Restate verbatim the span of lines below between the line with "France, c. 1835" and the line with "Gold ring with lower", including those two lines, and only that span.

[Recorded data]:
══════

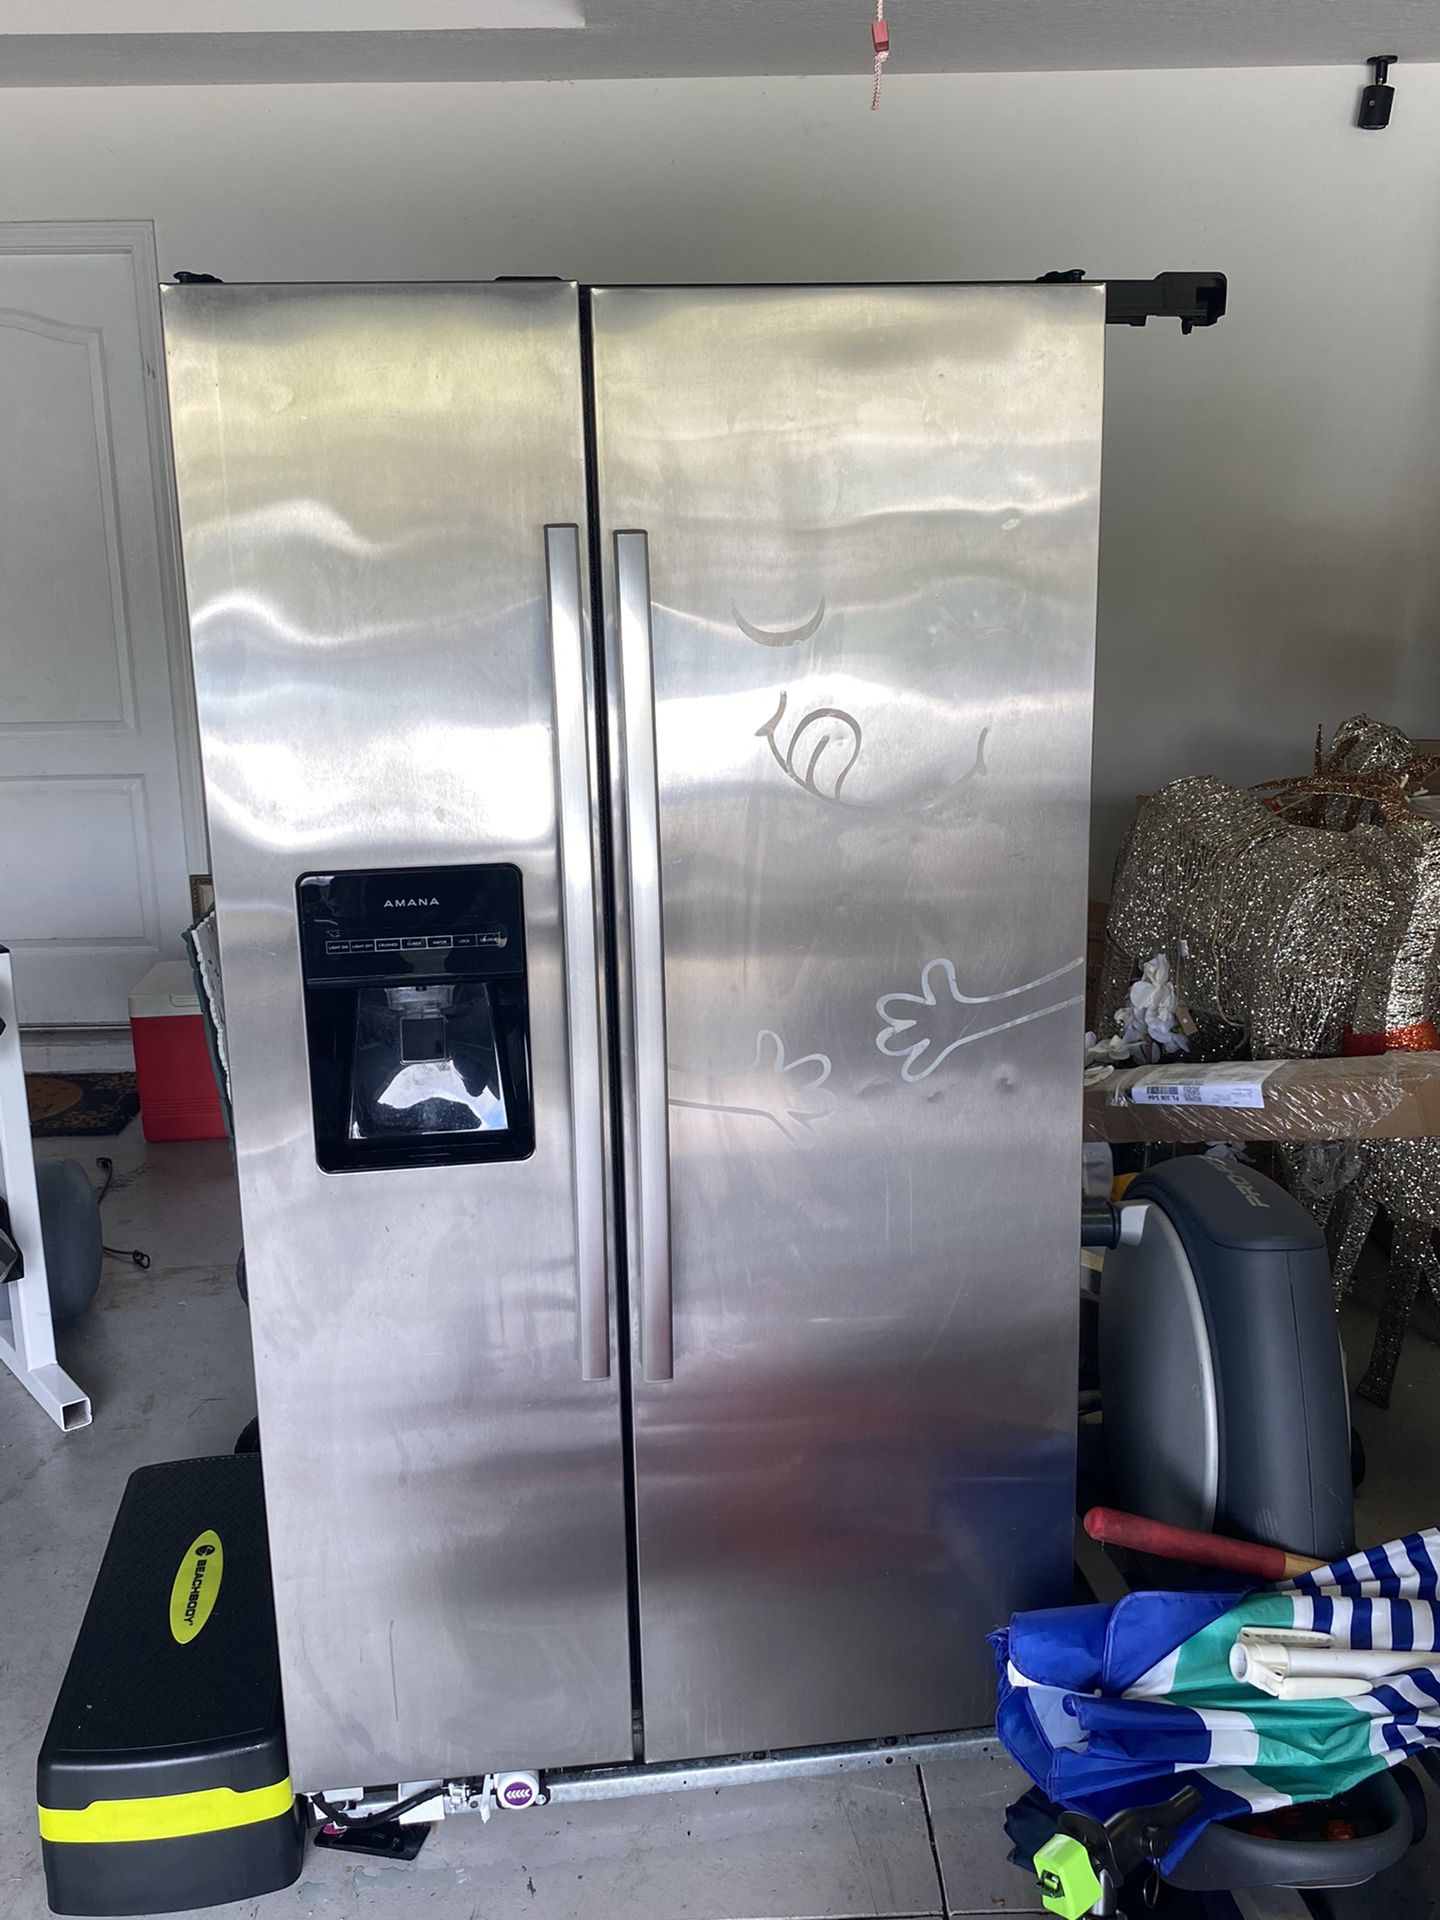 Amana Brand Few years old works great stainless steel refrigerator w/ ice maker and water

══════

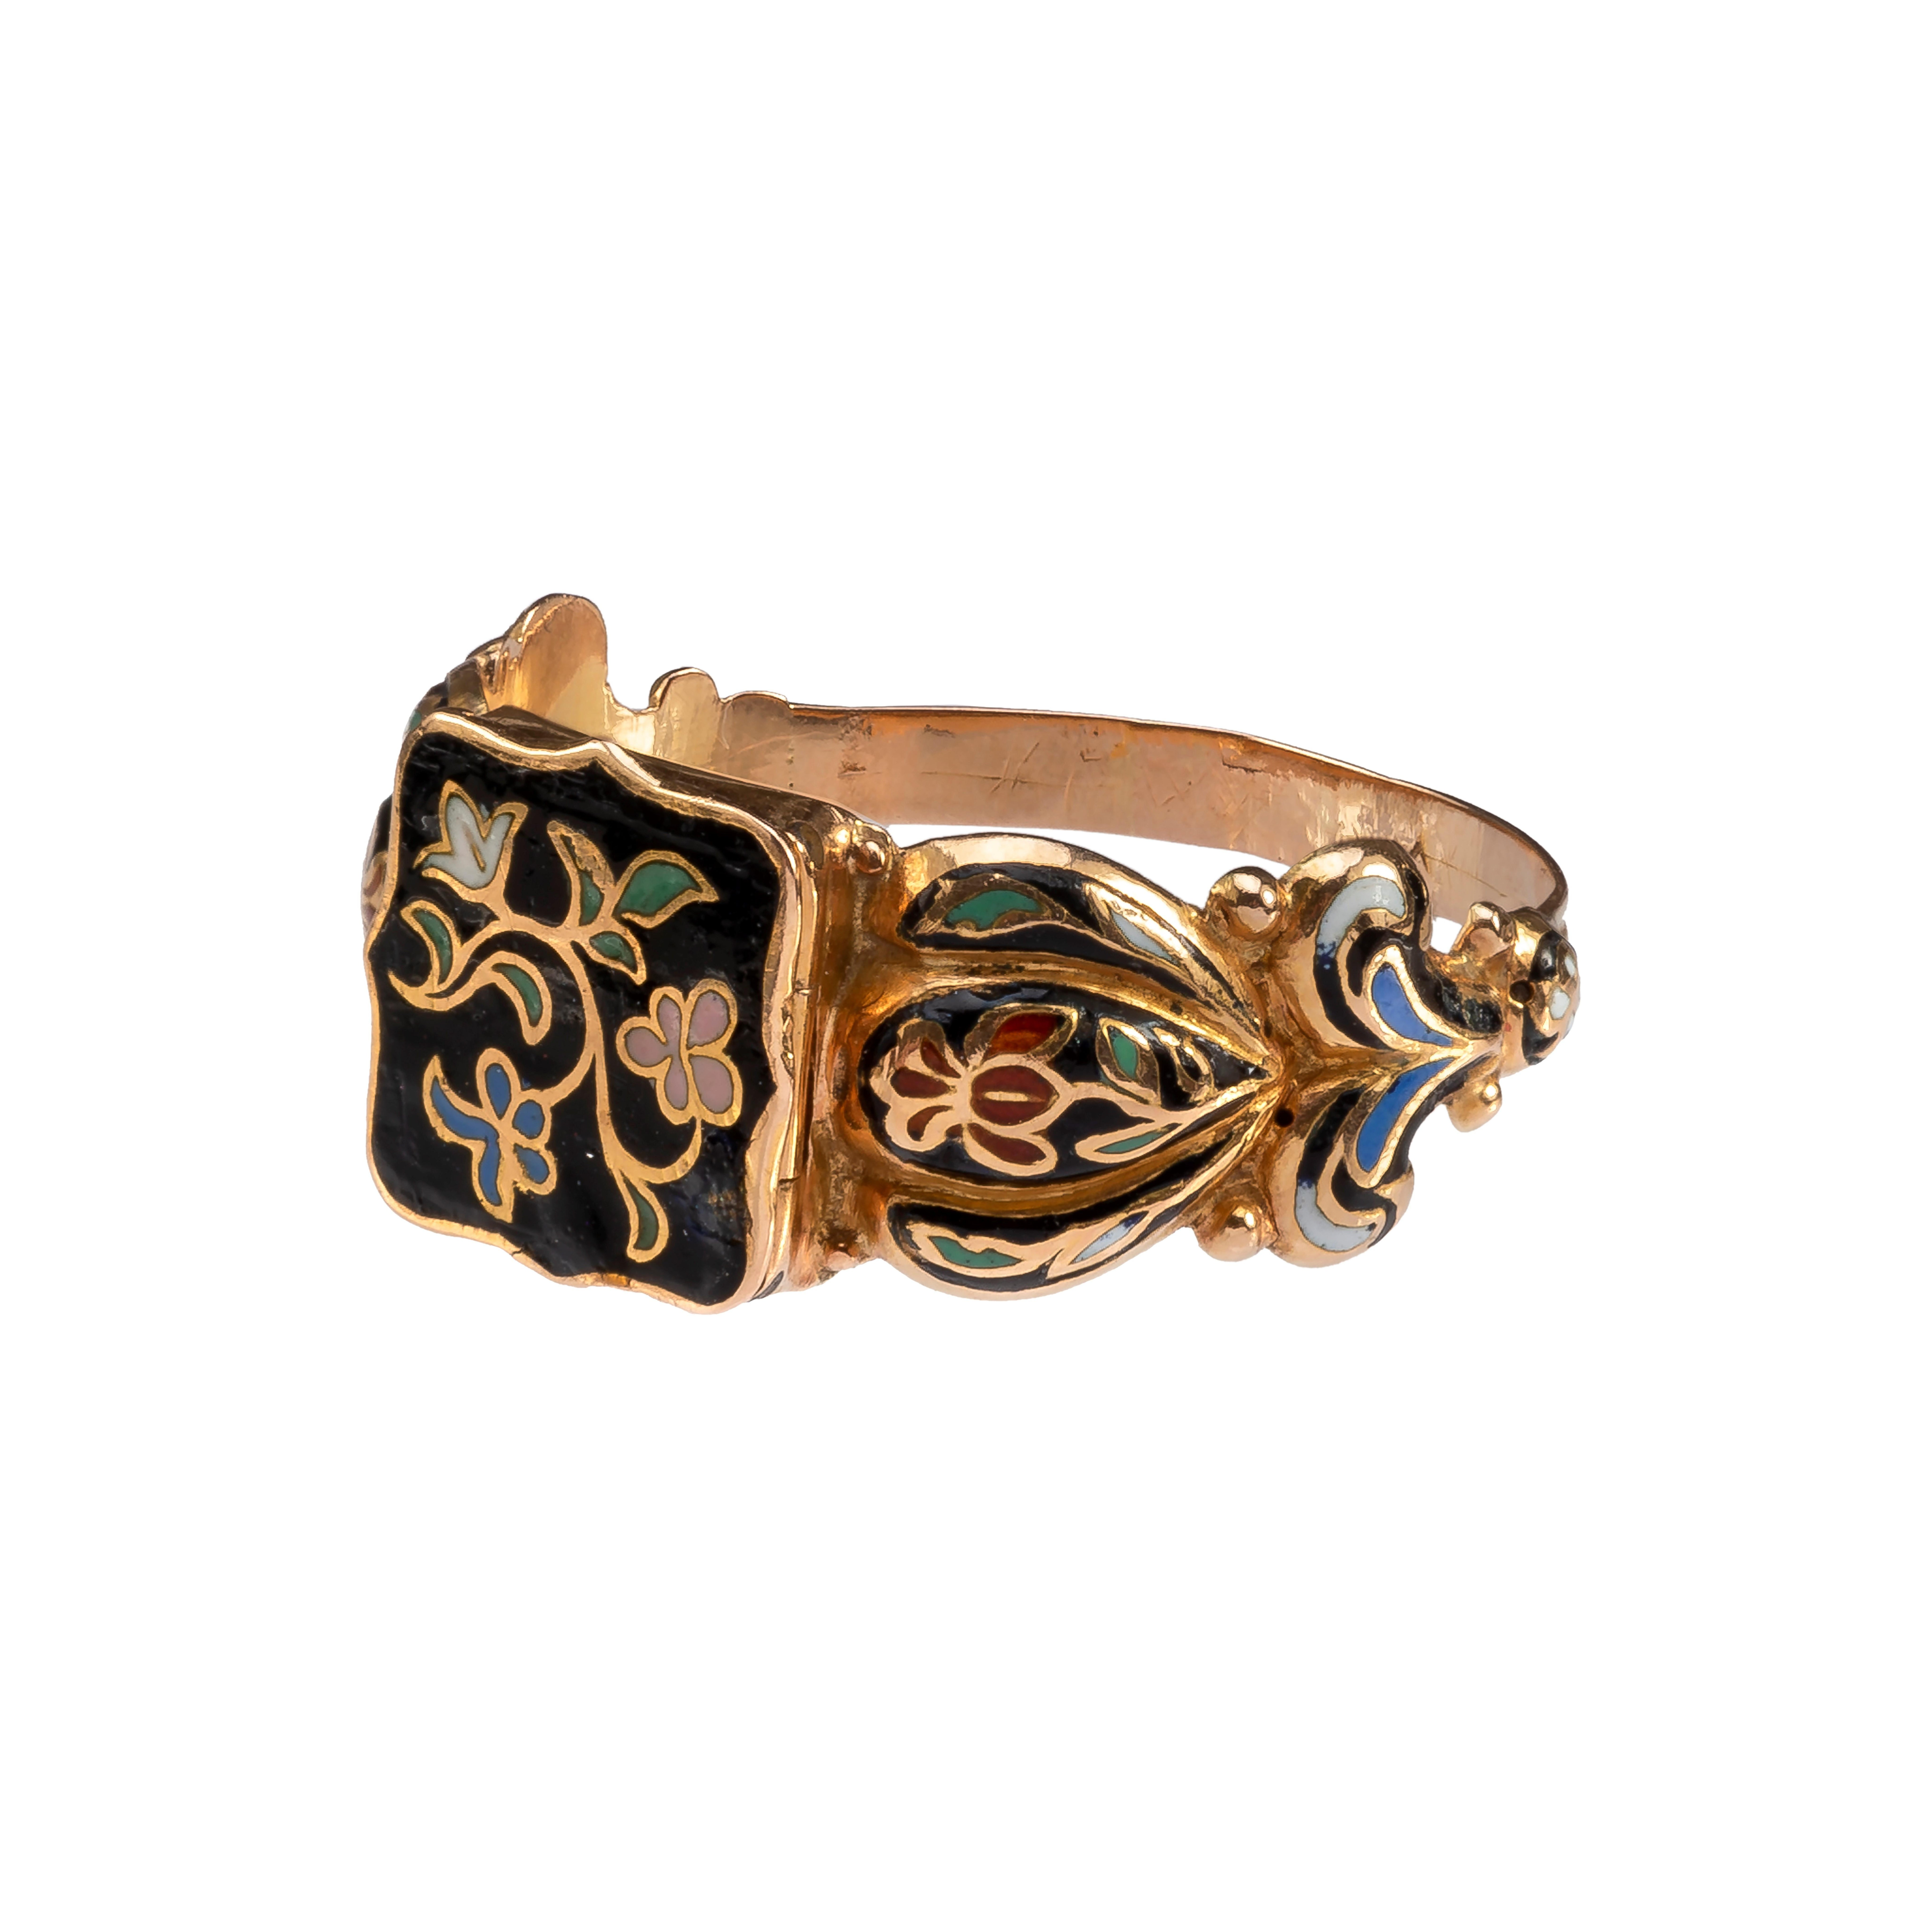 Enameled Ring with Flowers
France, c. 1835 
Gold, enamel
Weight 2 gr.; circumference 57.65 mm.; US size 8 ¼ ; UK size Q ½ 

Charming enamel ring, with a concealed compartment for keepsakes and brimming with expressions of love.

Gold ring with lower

══════

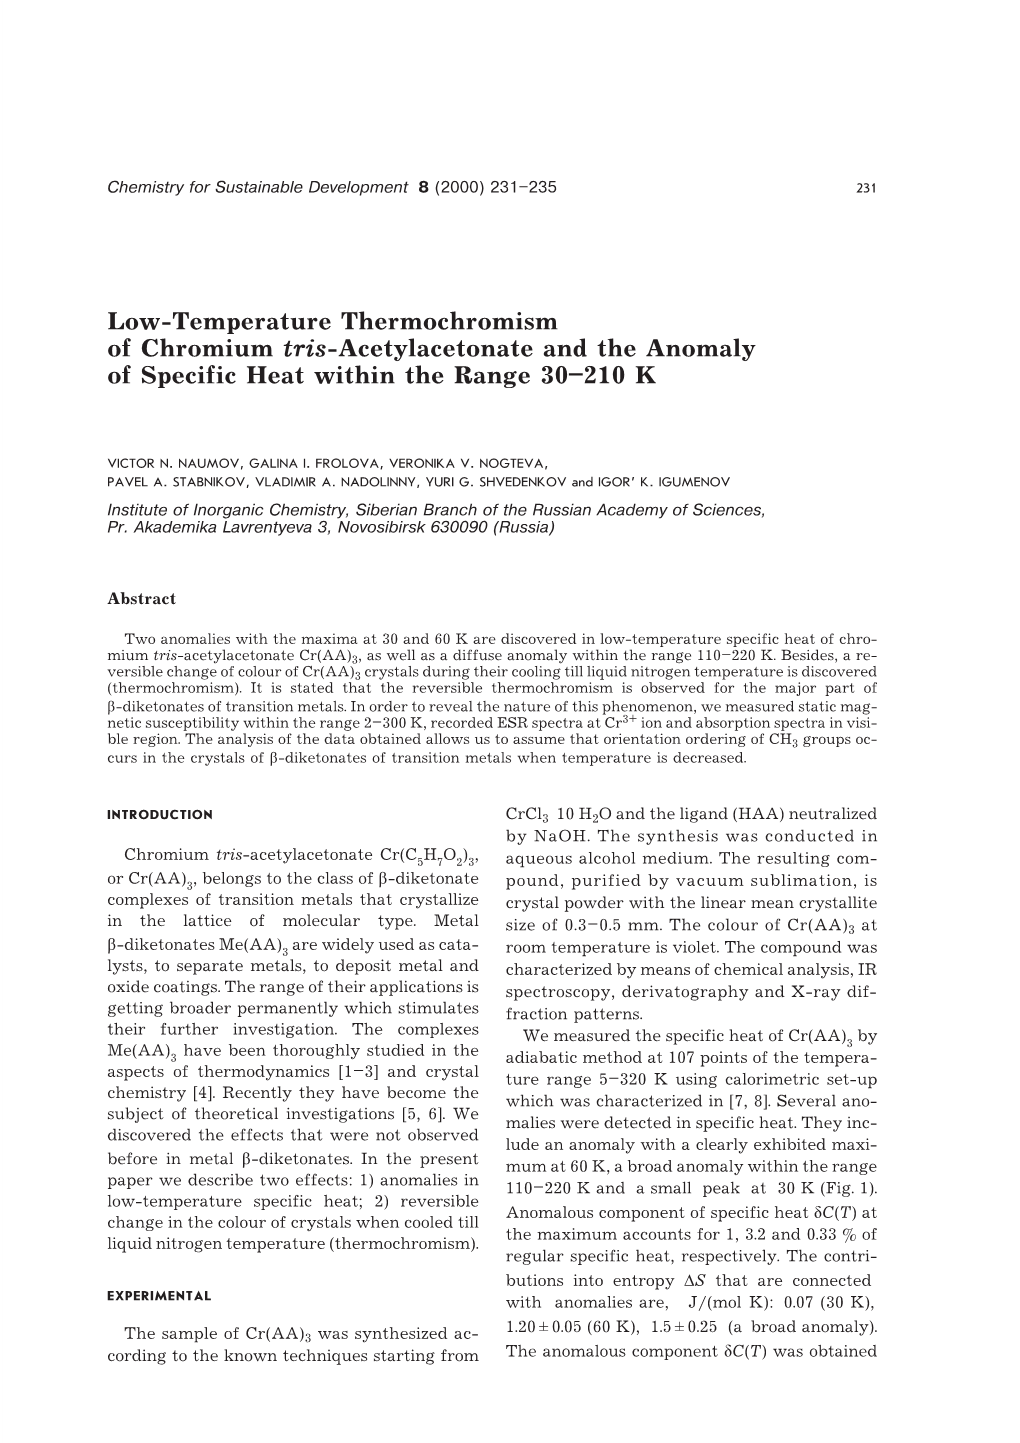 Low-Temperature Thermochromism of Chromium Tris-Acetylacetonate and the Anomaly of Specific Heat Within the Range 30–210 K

══════

[Answer space]:
France, c. 1835 
Gold, enamel
Weight 2 gr.; circumference 57.65 mm.; US size 8 ¼ ; UK size Q ½ 

Charming enamel ring, with a concealed compartment for keepsakes and brimming with expressions of love.

Gold ring with lower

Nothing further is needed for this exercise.